Или таким образом Герлок признавала, что тогда действительно плакала?

– Это очень великодушно… – пробормотала Матильда.

Герлок разжала пальцы, и Матильда почувствовала угрызения совести из-за того, что подумала, будто на самом деле она предлагает ей приданое не из лучших побуждений.

Герлок снова отвела взгляд и улыбнулась.

Матильда не знала, что делать. Как она сможет уйти в монастырь, если недостойна этого? С другой стороны, как отказаться и объяснить Герлок, что она этого уже не хочет, если никаких других желаний у нее нет? К тому же сейчас, когда Вильгельм умер, а будущее Спроты и тем более ее собственное будущее скрывалось в тумане неизвестности, это казалось наиболее разумным решением.

Матильда не пыталась убедить себя в том, что сможет жить, как раньше: наверное, она изменилась не меньше, чем Герлок, некогда дерзкая, шумная и постоянно смеющаяся Герлок, которая заявляла, что каждый способен стать тем, кем он хочет.

Вероятно, она права, вот только ничего нельзя вернуть назад, как старухе не следует тешить себя надеждой, что горб – это лишь временная мука, а легкость юности можно вновь обрести в любой момент. Герлок перешла на сторону франков навсегда, навсегда стала супругой Гильома Патлатого и матерью его сына, навсегда превратилась в Адель.

И только она, Матильда, так и не стала никем навсегда: ни возлюбленной, ни грешницей, ни бродягой, ни жертвой, ни наследницей Бретани, ни… монахиней. По крайней мере, пока не стала. Герлок подарила ей возможность это исправить.

Девушка думала долго, пока дрова не сгорели дотла. Натянутая улыбка Герлок уже не казалась ей лживой, а молчание больше не вызывало отчуждения. Матильде хотелось спрятаться за улыбками и ложью. На сегодня, навсегда.

– Да, я хочу уйти в монастырь, – неожиданно произнесла она. – Но не в большом городе… В глуши… Далеко от всех.

В такой, как монастырь Святого Амвросия. Она будет молиться, соблюдать пост, переписывать тексты в скриптории. Она снова найдет подругу, похожую на Мауру, и будет без труда понимать ее мысли и чувства, в отличие от мыслей и чувств Герлок.
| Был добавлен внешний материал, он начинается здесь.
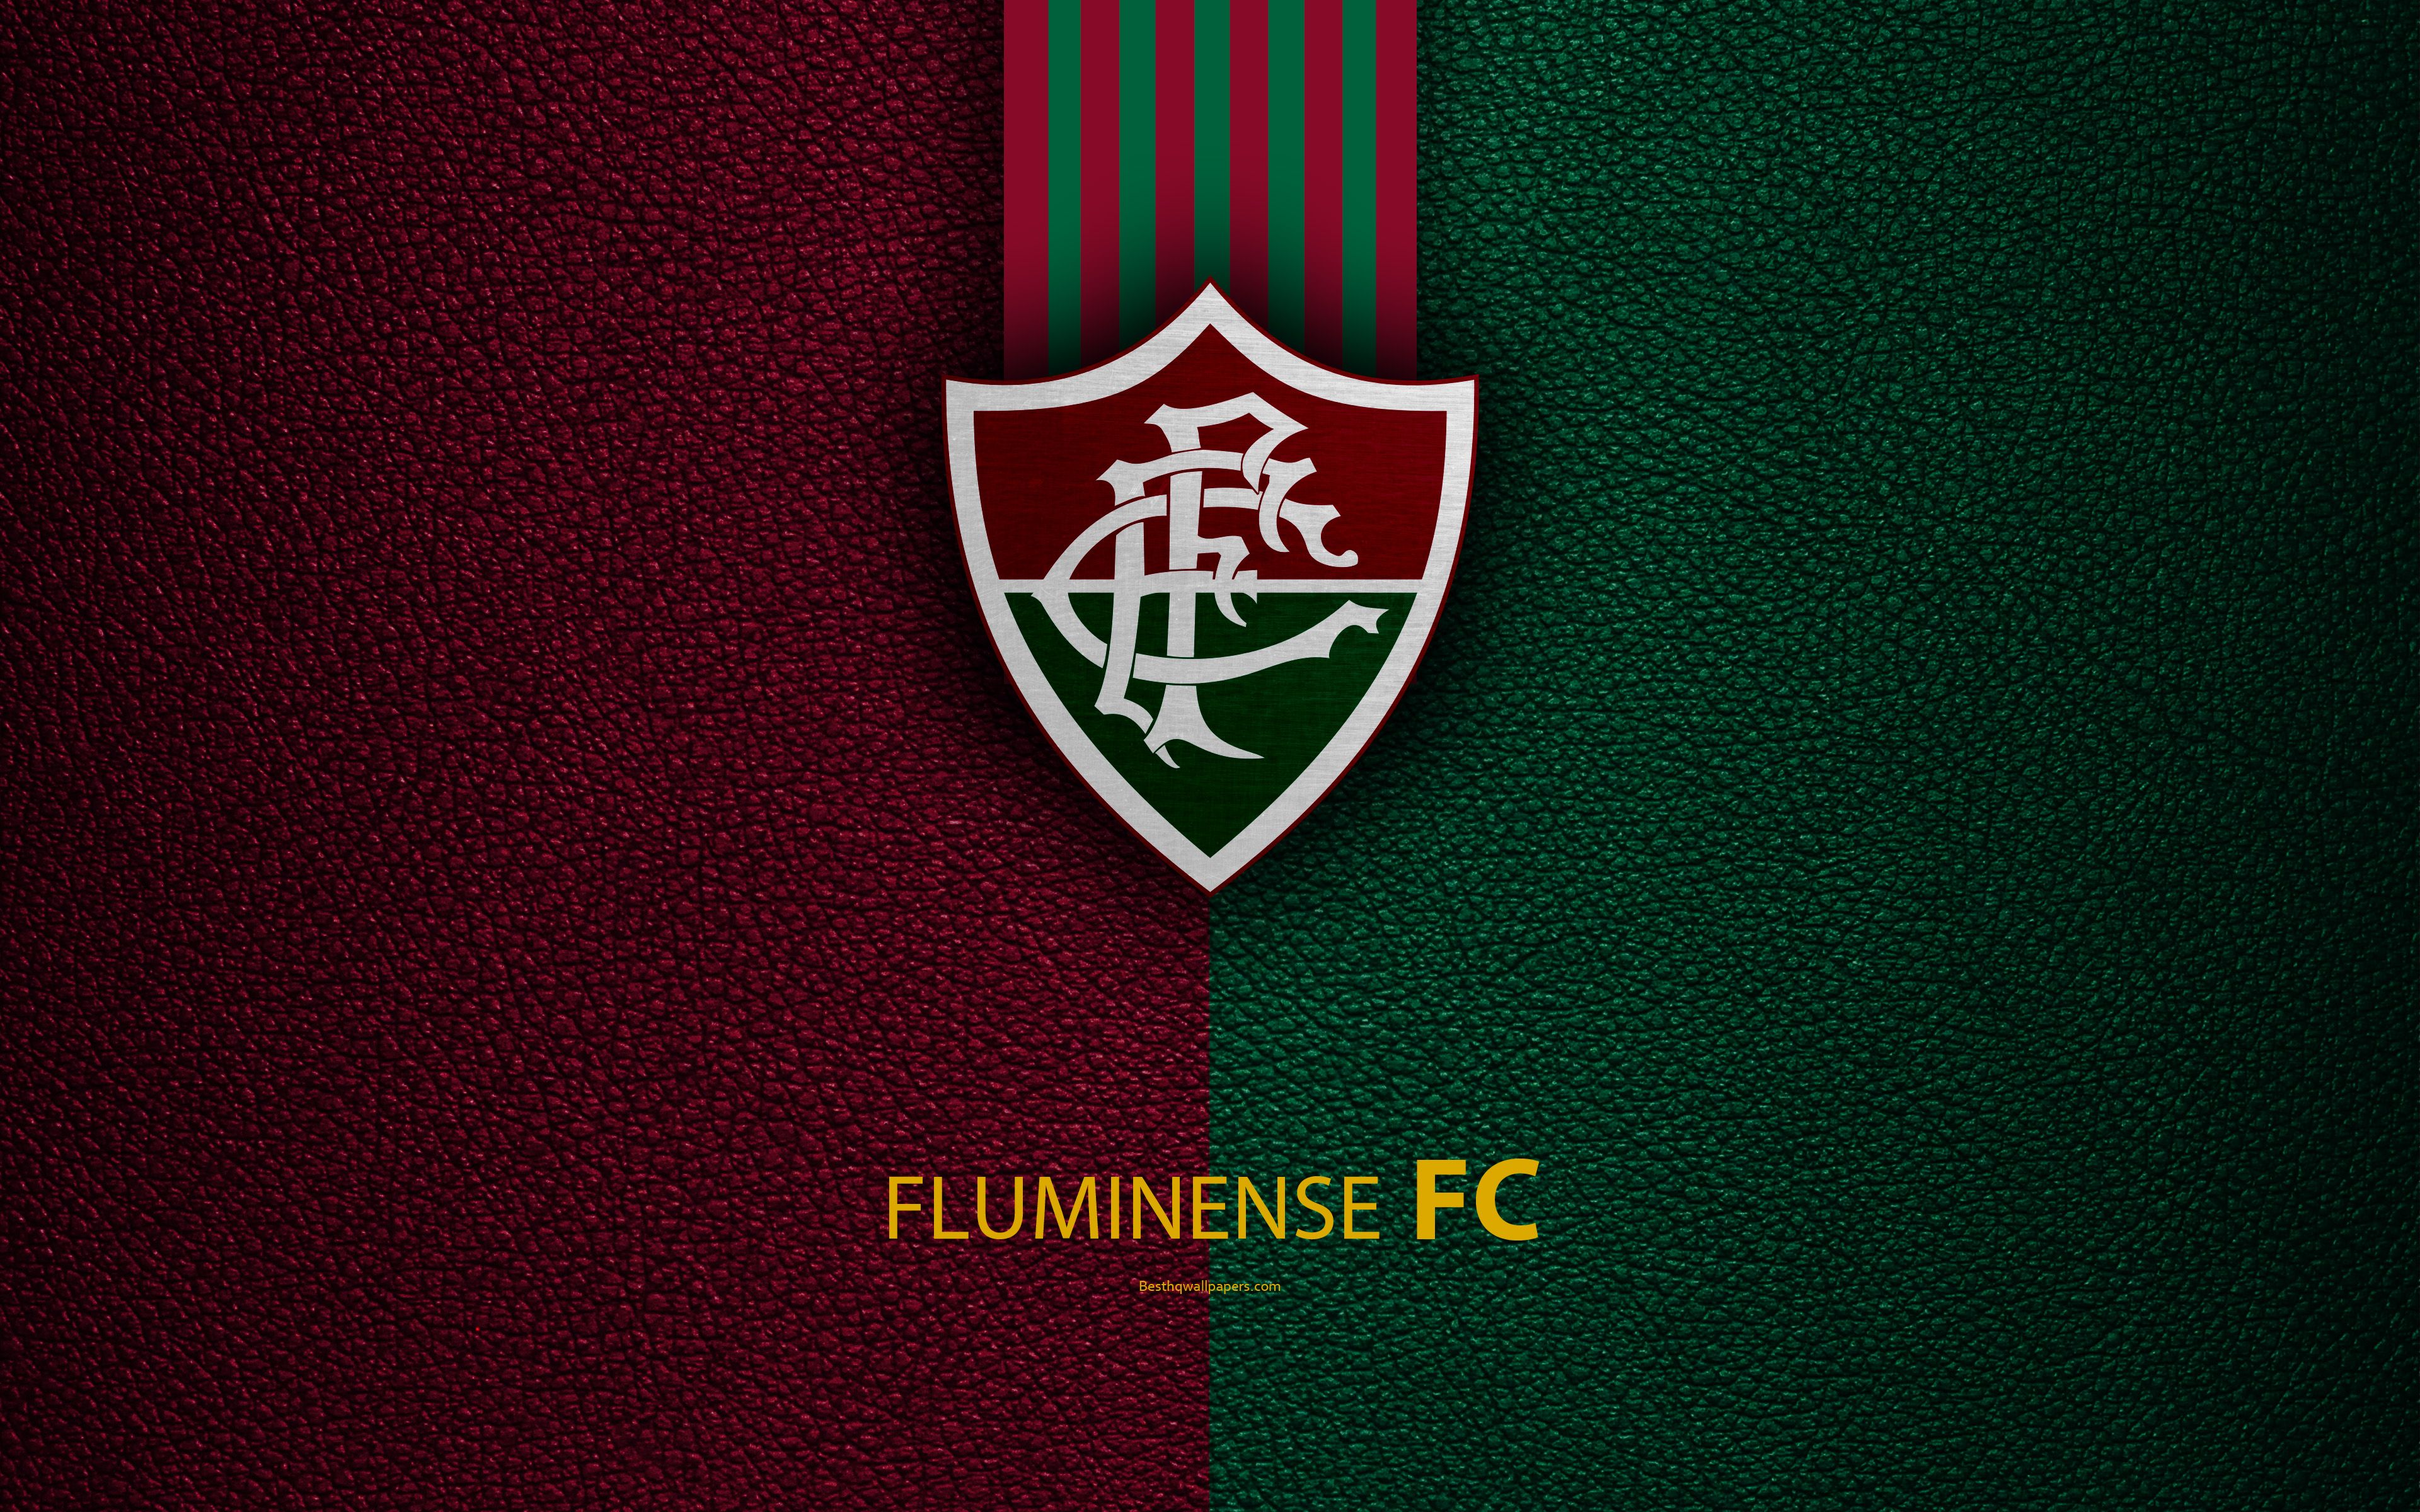 Download wallpaper Fluminense FC, 4K, Brazilian football club
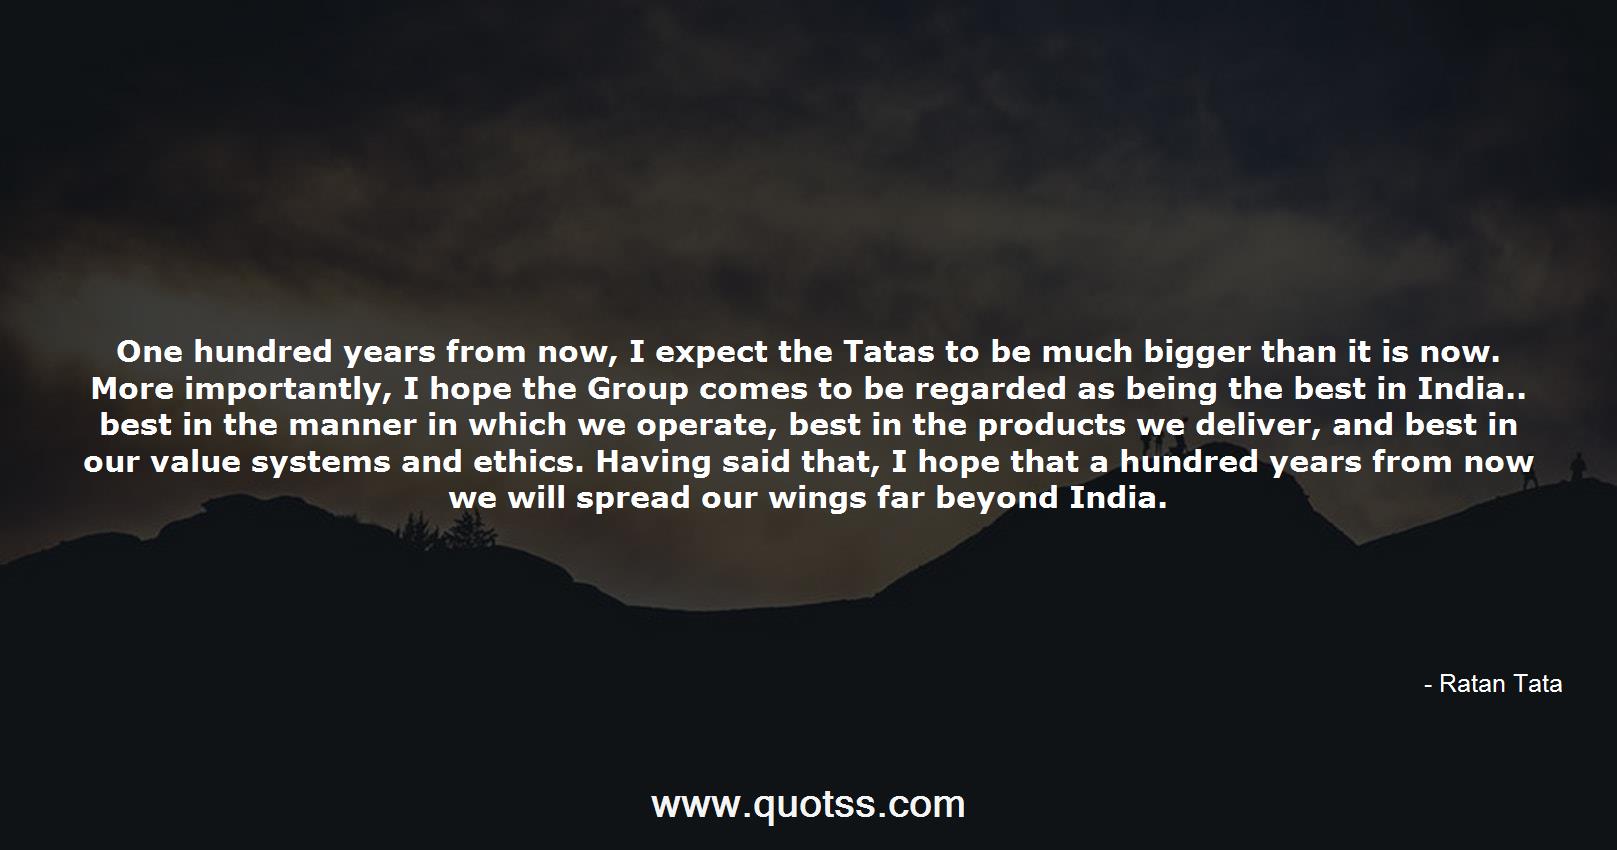 Ratan Tata Quote on Quotss

Их с подругой объединит желание служить Богу, забыть о мире, отречься от всего земного.

Герлок поднялась, и улыбка исчезла с ее лица.

– Ты когда-нибудь тосковала по родине? – спросила Матильда, догадываясь, что они прощаются навсегда.

– Нет, – прозвучал резкий ответ. – Никогда.

– Герлок…

– Меня зовут Адель.

Матильда вздохнула:

– Я буду молиться за тебя, как бы тебя теперь ни звали.

Герлок взглянула на нее.

– Иногда, – сказала она, – иногда.

Матильда не знала, что ее собеседница имела в виду: что достаточно молиться за нее лишь иногда или что иногда она все же тоскует по родине.


Спрота никогда не понимала, что подразумевают люди, когда говорят о счастье. Порой ей казалось, что счастье – это то, что чувствует бабочка, порхая над цветочным лугом в летний день. Но люди летать не умели, а бабочки могли наслаждаться всего одним летом, пока не наступала осень. Поэтому разумнее стремиться не к счастью, а к миру и покою, обрести которые можно, только смирившись с неизбежностью.

Даже если Спроте и не хватало ощущения счастья, по крайней мере она знала, что такое несчастье и что чувствует человек, когда боль съедает душу и не хочет выплевывать ни кусочка.

Смерть Вильгельма Спрота еще могла перенести. Он никогда не принадлежал только ей, она вынуждена была делить Вильгельма с его страной и в первую очередь с его Богом, а Он неизменно оказывался более удачливым. Но судьба забрала у Спроты не только мужа. Теперь женщине предстояло потерять и Ричарда, который совсем недавно принадлежал ей и больше никому. Конечно, когда он вышел из ее тела, его жизнью стали распоряжаться другие, но она всегда была рядом. А теперь это изменится. Даже мужчины, которые до сих пор благоразумно ее презирали, сейчас сочувствовали ей настолько, что поделились с ней своими планами.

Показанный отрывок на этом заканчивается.